Take the line containing "Meet Miss Sherlock" through the last line of the data and retype those lines exactly. Pictures do not belong in the copy.

* [Information provided]

== Segment start ==

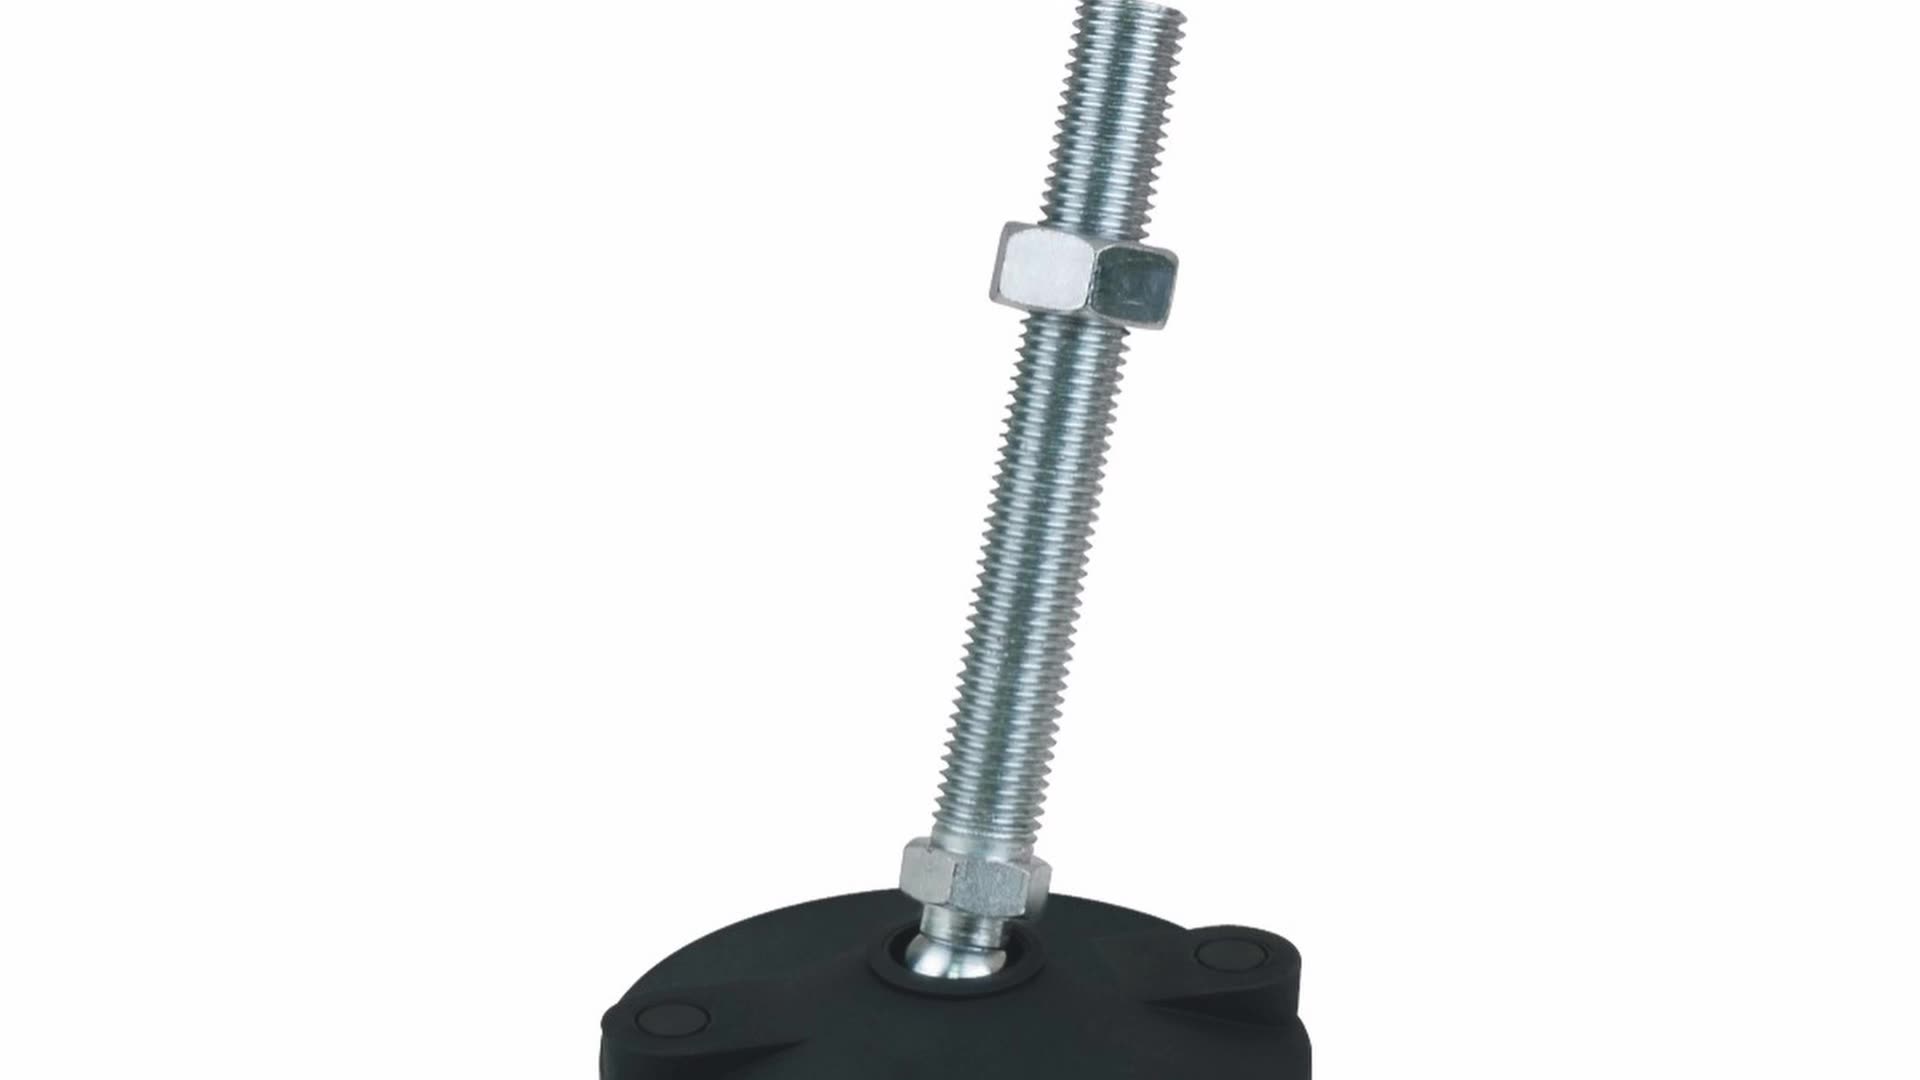 Sampel GRATIS Tugas Berat Nylon Leveling Feet Adjustable M8*50-D40nylon Basis untuk Profil Aluminium Kaki yang Dapat Disesuaikan Leveling Foot1
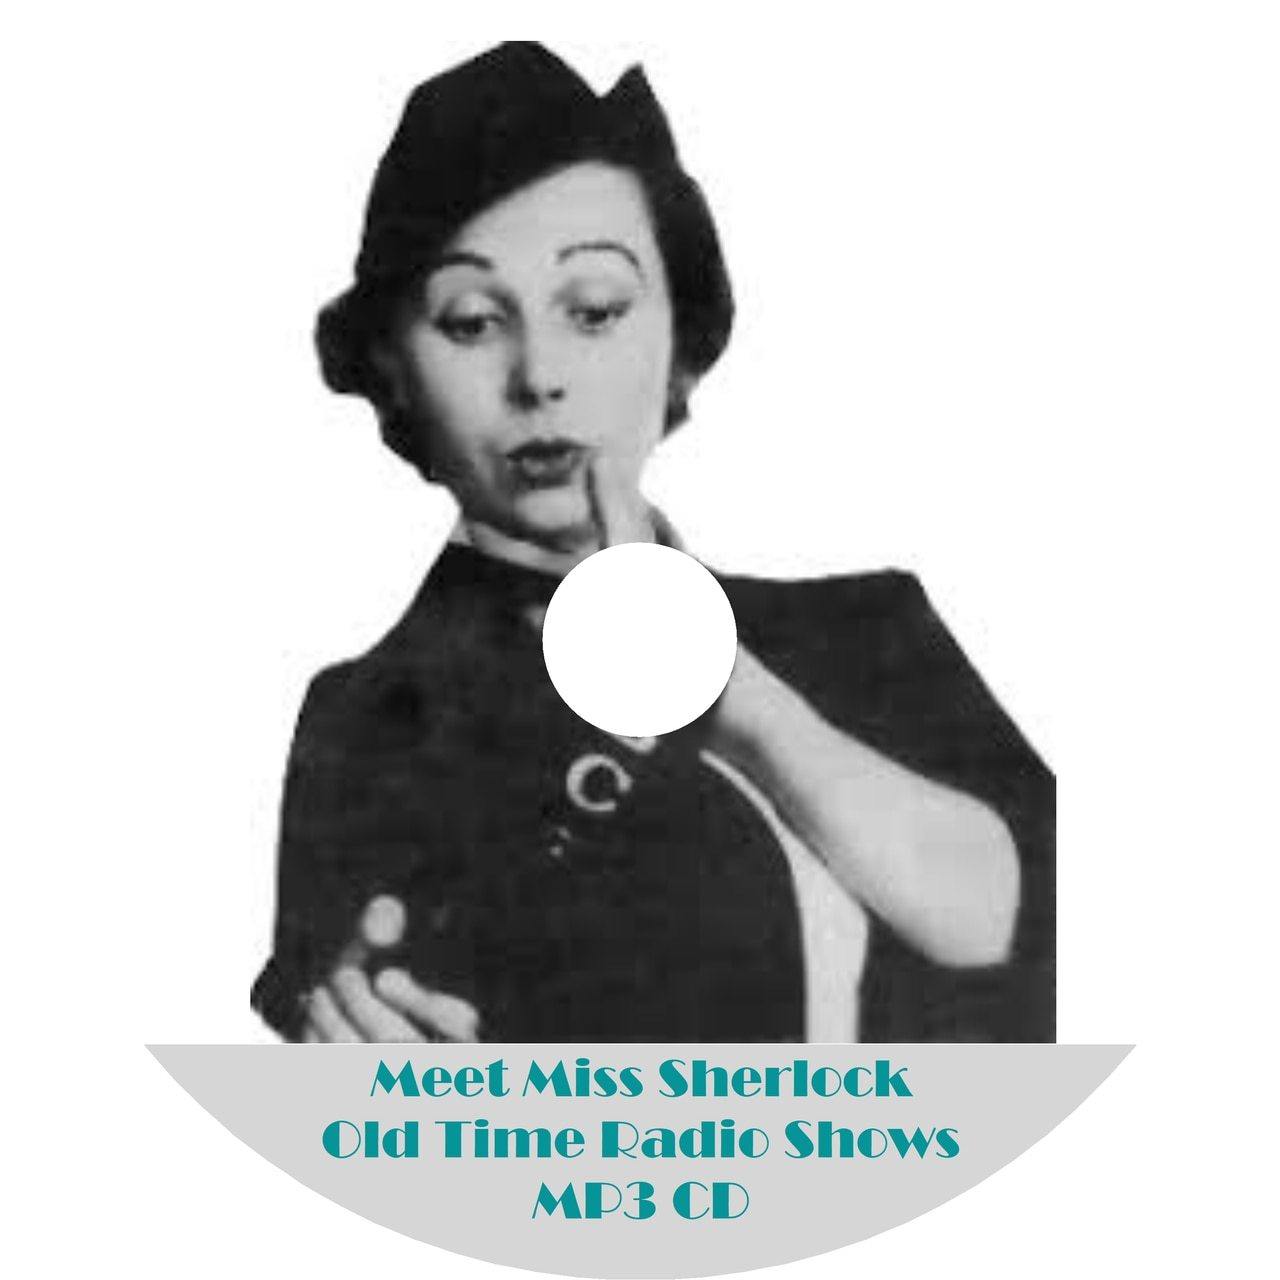 Meet Miss Sherlock Old Time Radio Shows 2 Episodes On MP3 CD - OTR World
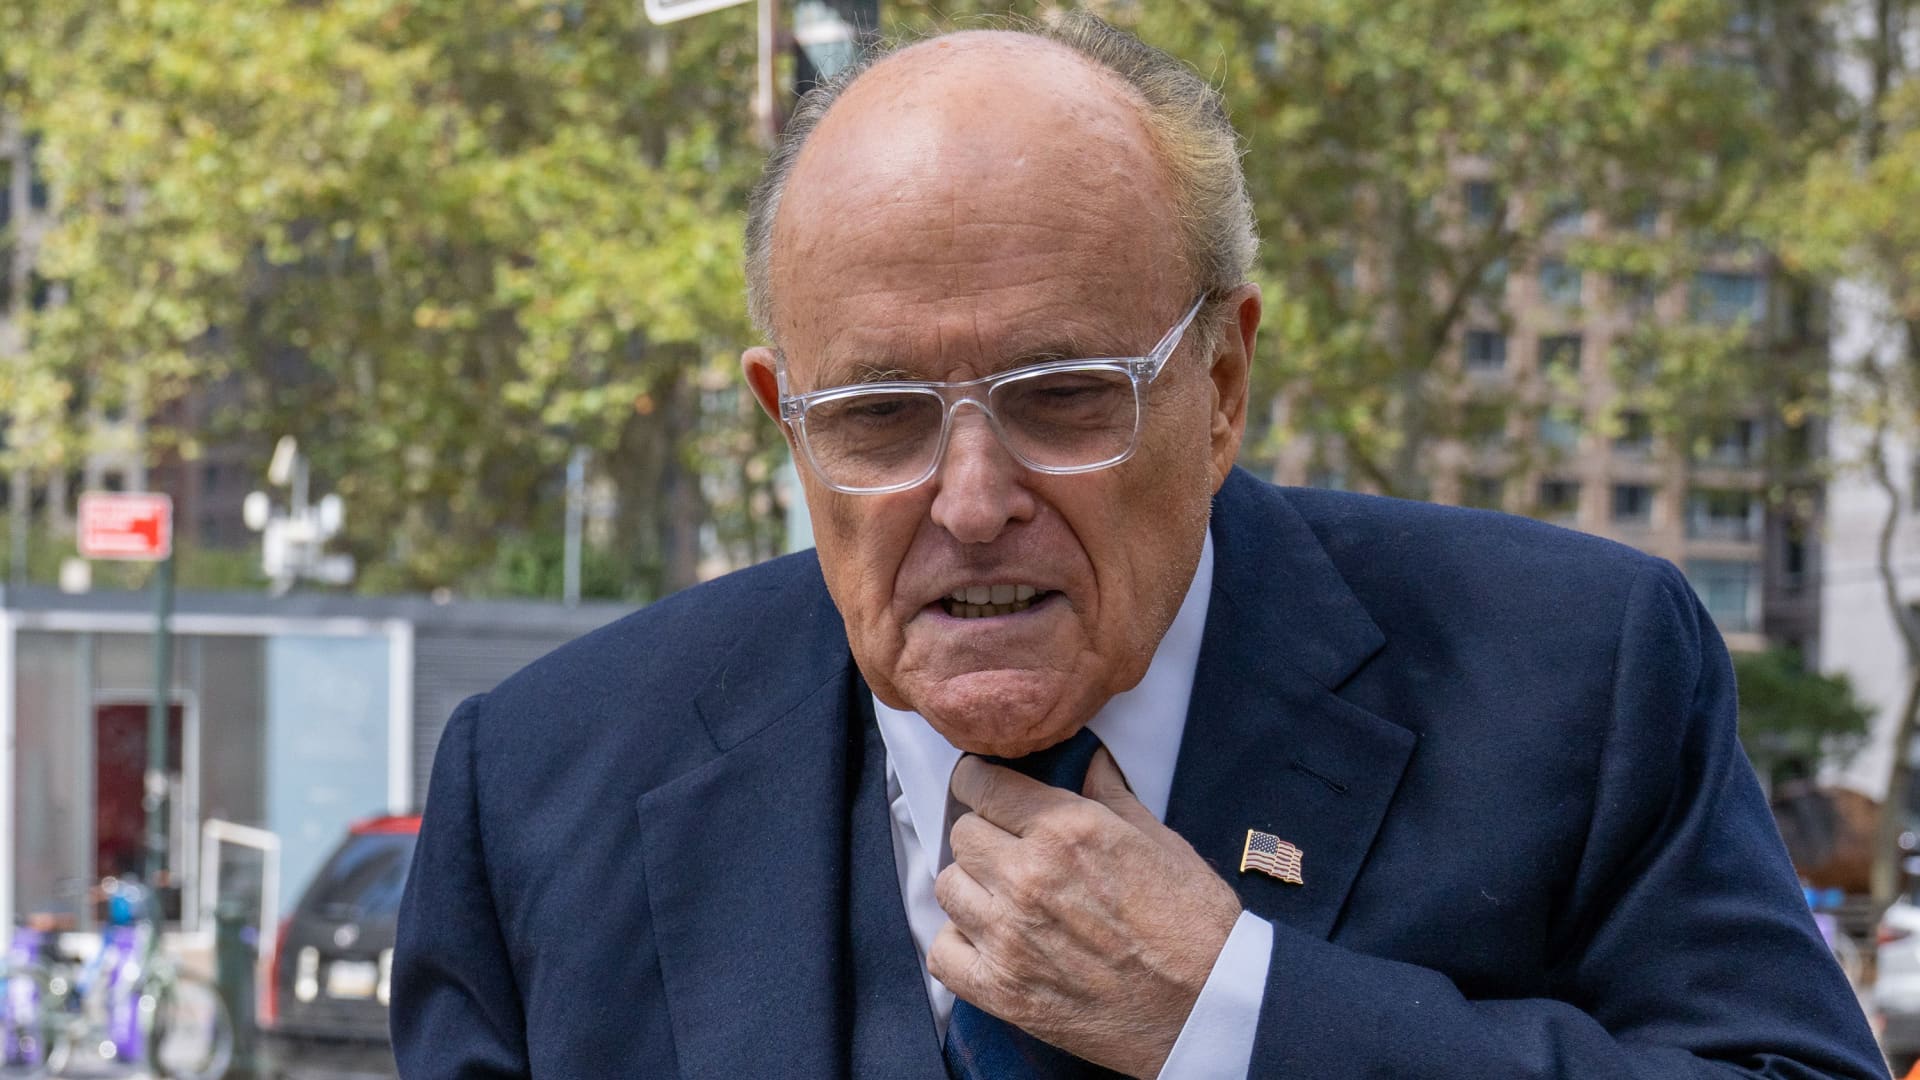 Early Life and Career of Rudy Giuliani
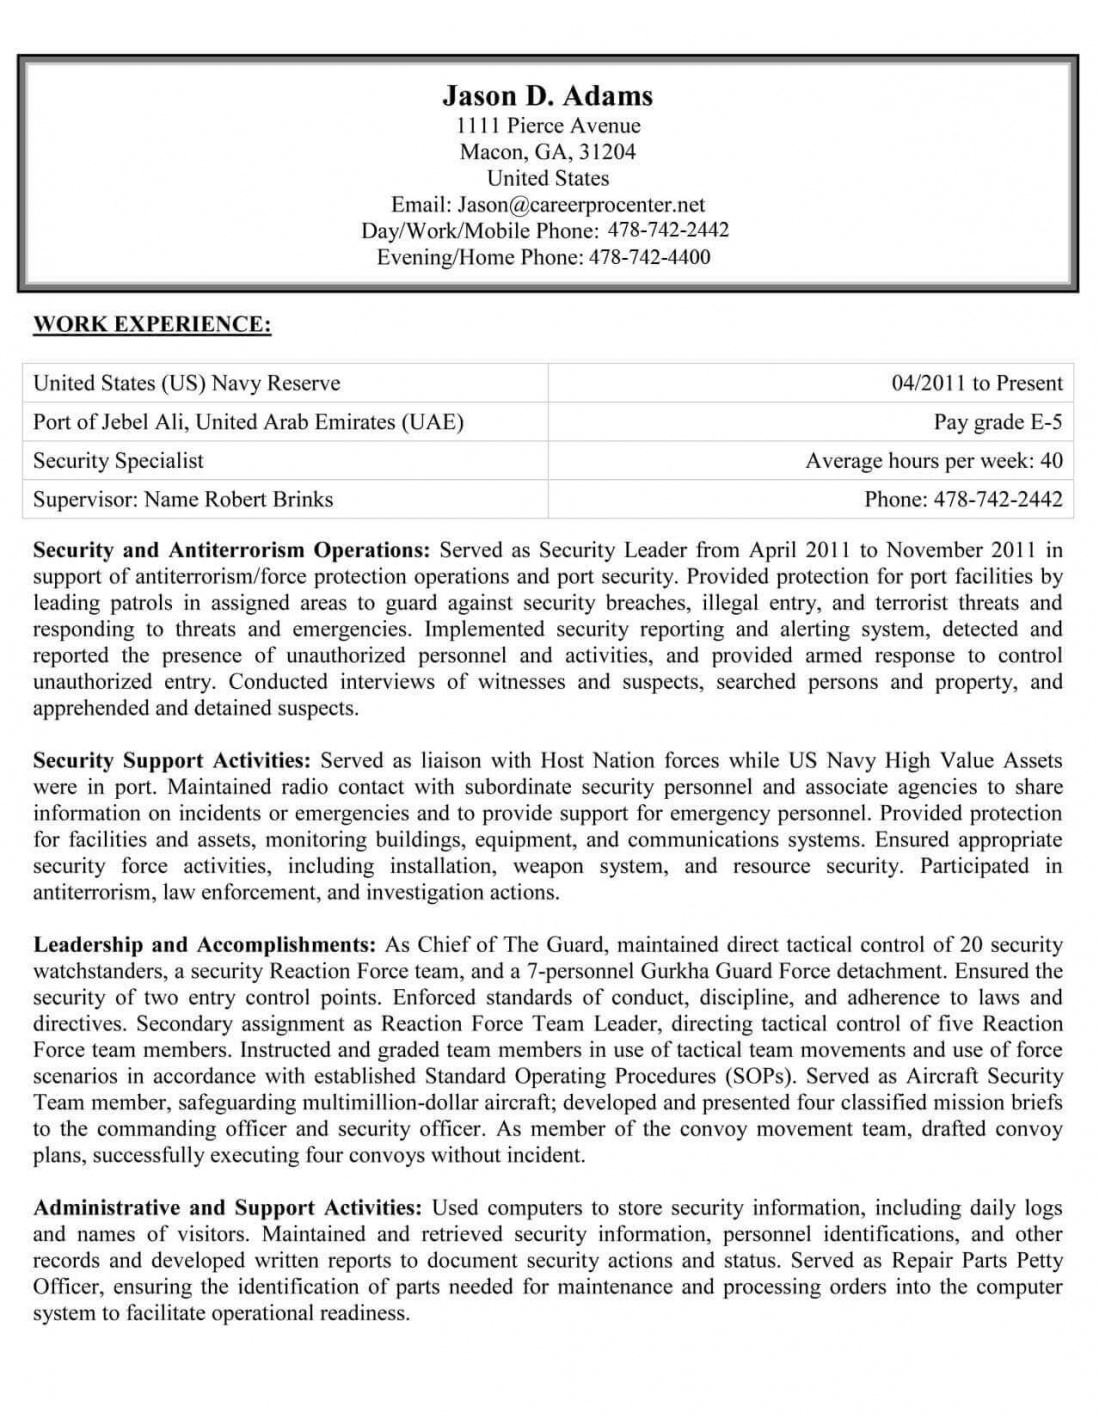 Federal Resume Template Federal Resume Sample New Samples Careerproplus Usajobs Resumes Usa federal resume template|wikiresume.com

== Segment end ==

* [Written solution]
 Meet Miss Sherlock Old Time Radio Shows 2 Episodes On MP3 CD - OTR World
 Early Life and Career of Rudy Giuliani
 Federal Resume Template Federal Resume Sample New Samples Careerproplus Usajobs Resumes Usa federal resume template|wikiresume.com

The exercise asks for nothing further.